Katie A. Clark, Dana K. Howe, Kristin Gafner, Danika Kusuma, Sita Ping, Suzanne Estes, Dee R. Denver

Abstract

Selfish DNA poses a significant challenge to genome stability and organismal fitness in diverse eukaryotic lineages. Although selfish mitochondrial DNA (mtDNA) has known associations with cytoplasmic male sterility in numerous gynodioecious plant species and is manifested as petite mutants in experimental yeast lab populations, examples of selfish mtDNA in animals are less common. We analyzed the inheritance and evolution of mitochondrial DNA bearing large heteroplasmic deletions including nad5 gene sequences (nad5Δ mtDNA), in the nematode Caenorhabditis briggsae. The deletion is widespread in C. briggsae natural populations and is associated with deleterious organismal effects. We studied the inheritance patterns of nad5Δ mtDNA using eight sets of C. briggsae mutation-accumulation (MA) lines, each initiated from a different natural strain progenitor and bottlenecked as single hermaphrodites across generations. We observed a consistent and strong drive toward higher levels of deletion-bearing molecules in the heteroplasmic pool of mtDNA after ten generations of bottlenecking. Our results demonstrate a uniform transmission bias whereby nad5Δ mtDNA accumulates to higher levels relative to intact mtDNA in multiple genetically diverse natural strains of C. briggsae.

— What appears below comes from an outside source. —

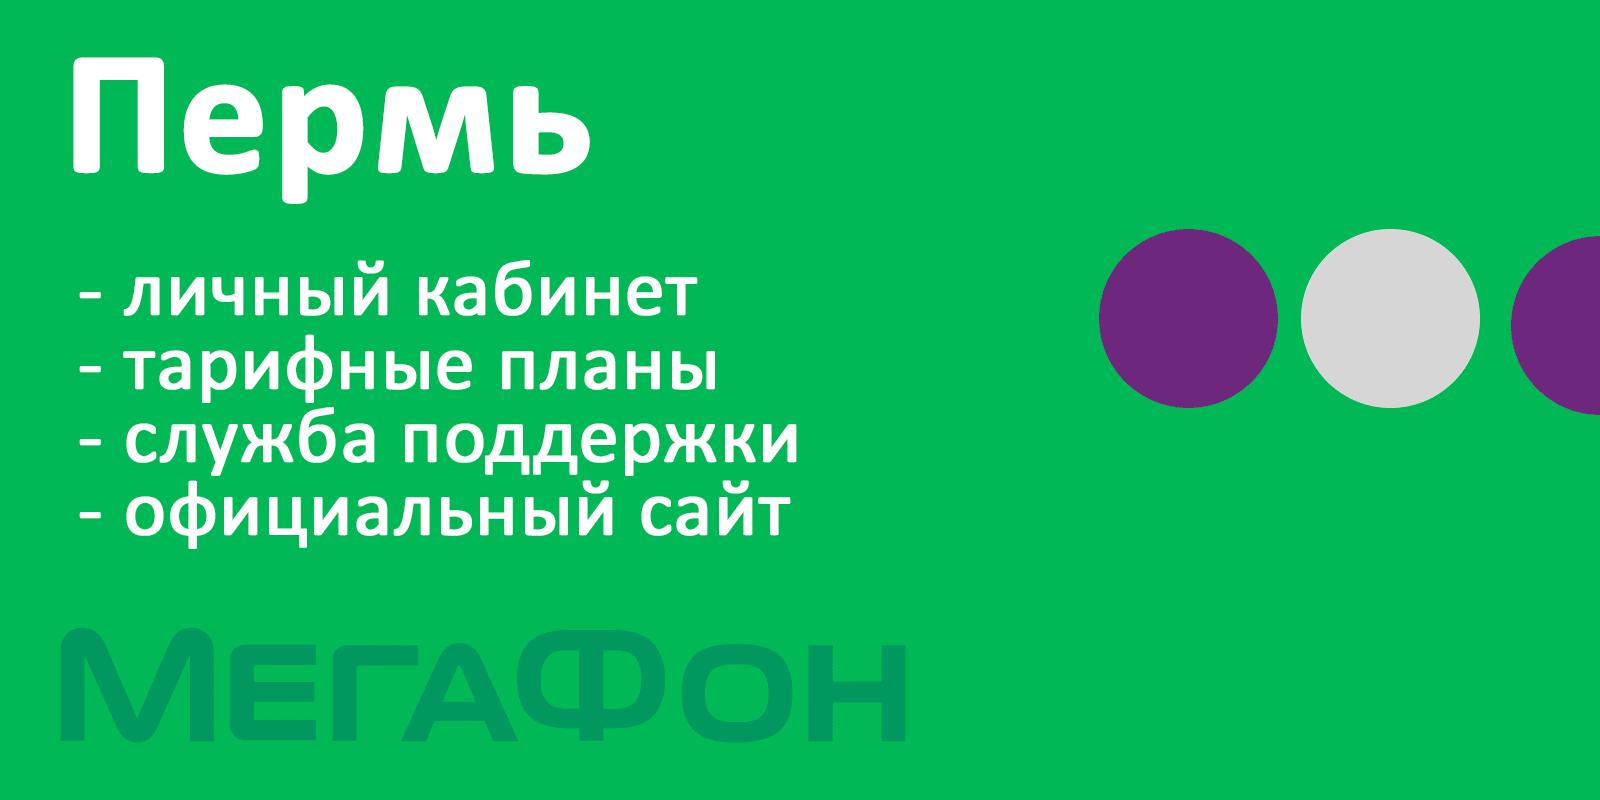 Мегафон Пермь - личный кабинет, тарифы, официальный сайт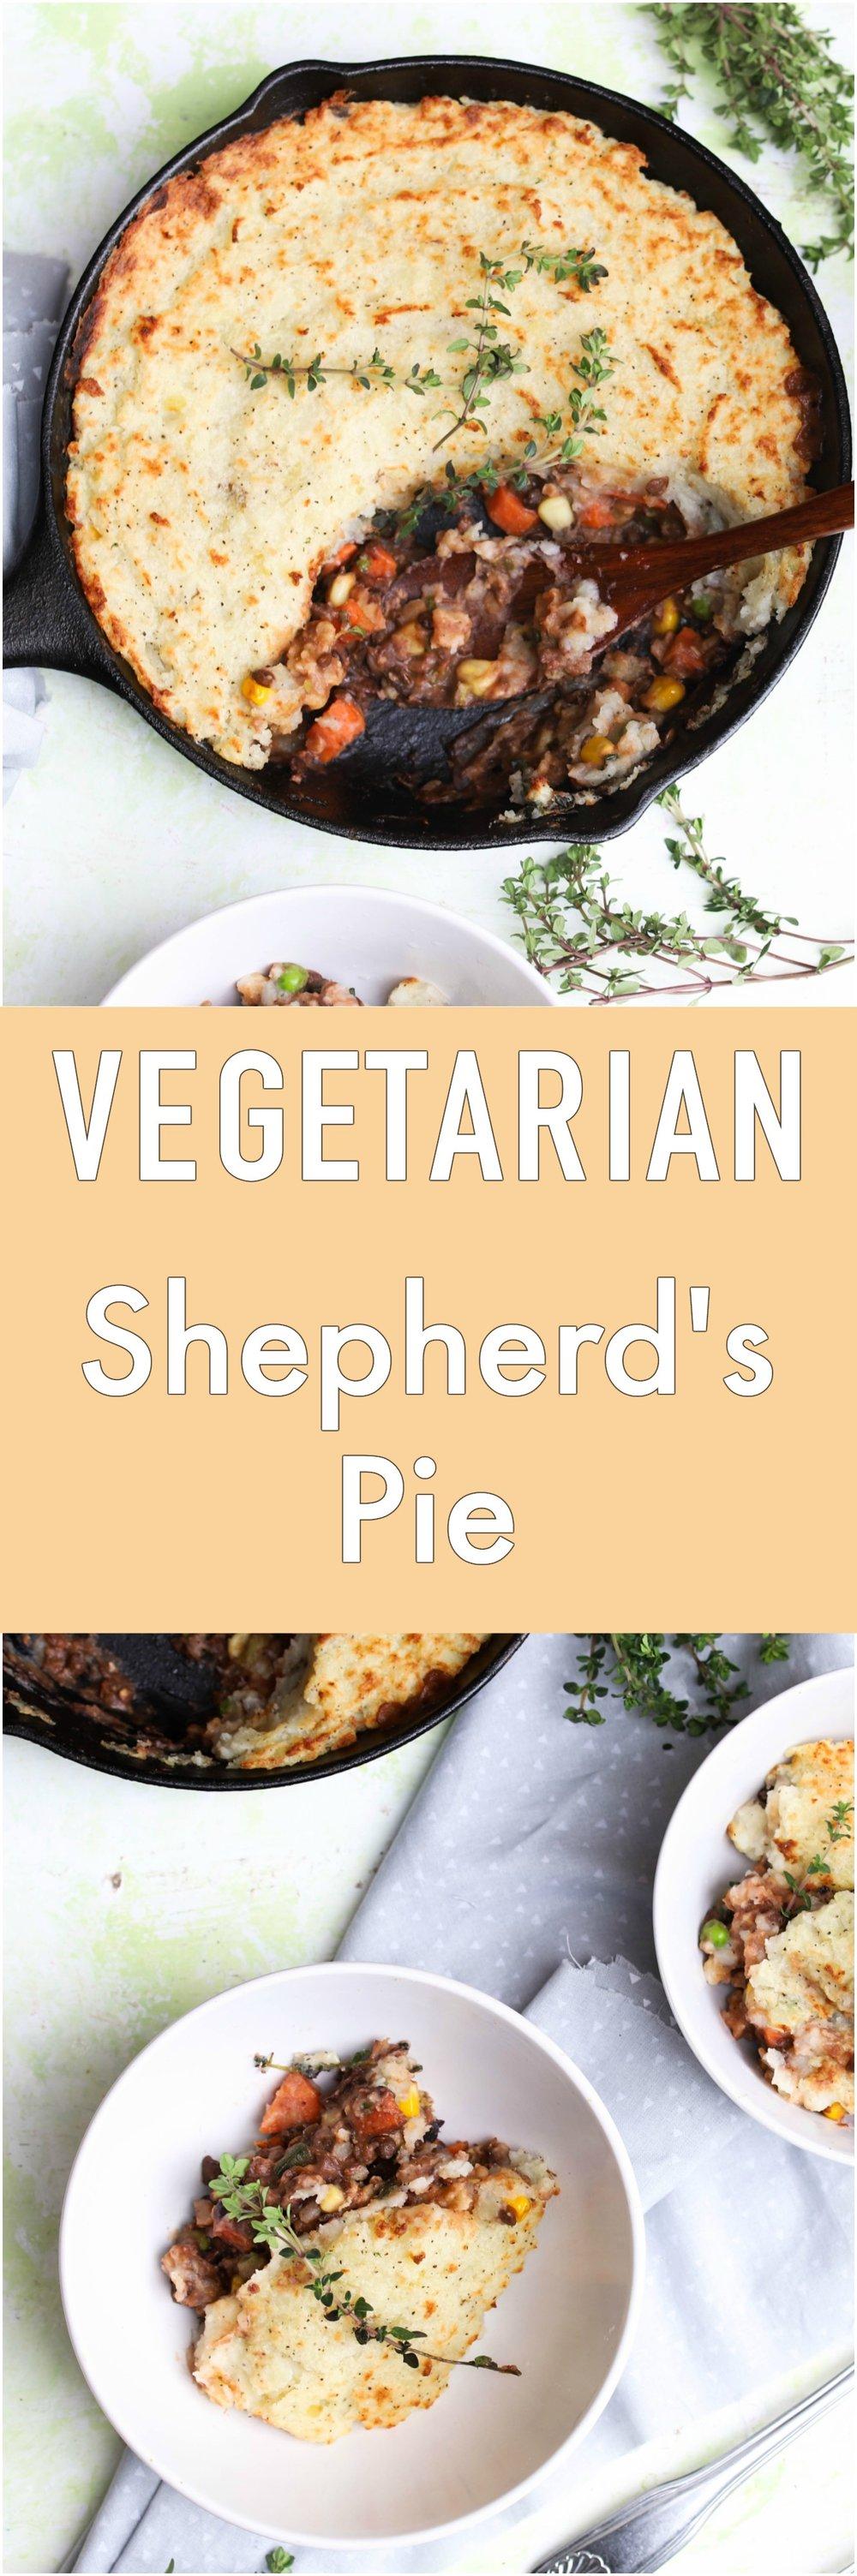 vegetarian shepherds pie.jpg

We calculated an average 1% per-generation transmission bias for deletion-bearing mtDNA relative to intact genomes. Our study, coupled with known deleterious phenotypes associated with high deletion levels, shows that nad5Δ mtDNA are selfish genetic elements that have evolved in natural populations of C. briggsae, offering a powerful new system to study selfish mtDNA dynamics in metazoans.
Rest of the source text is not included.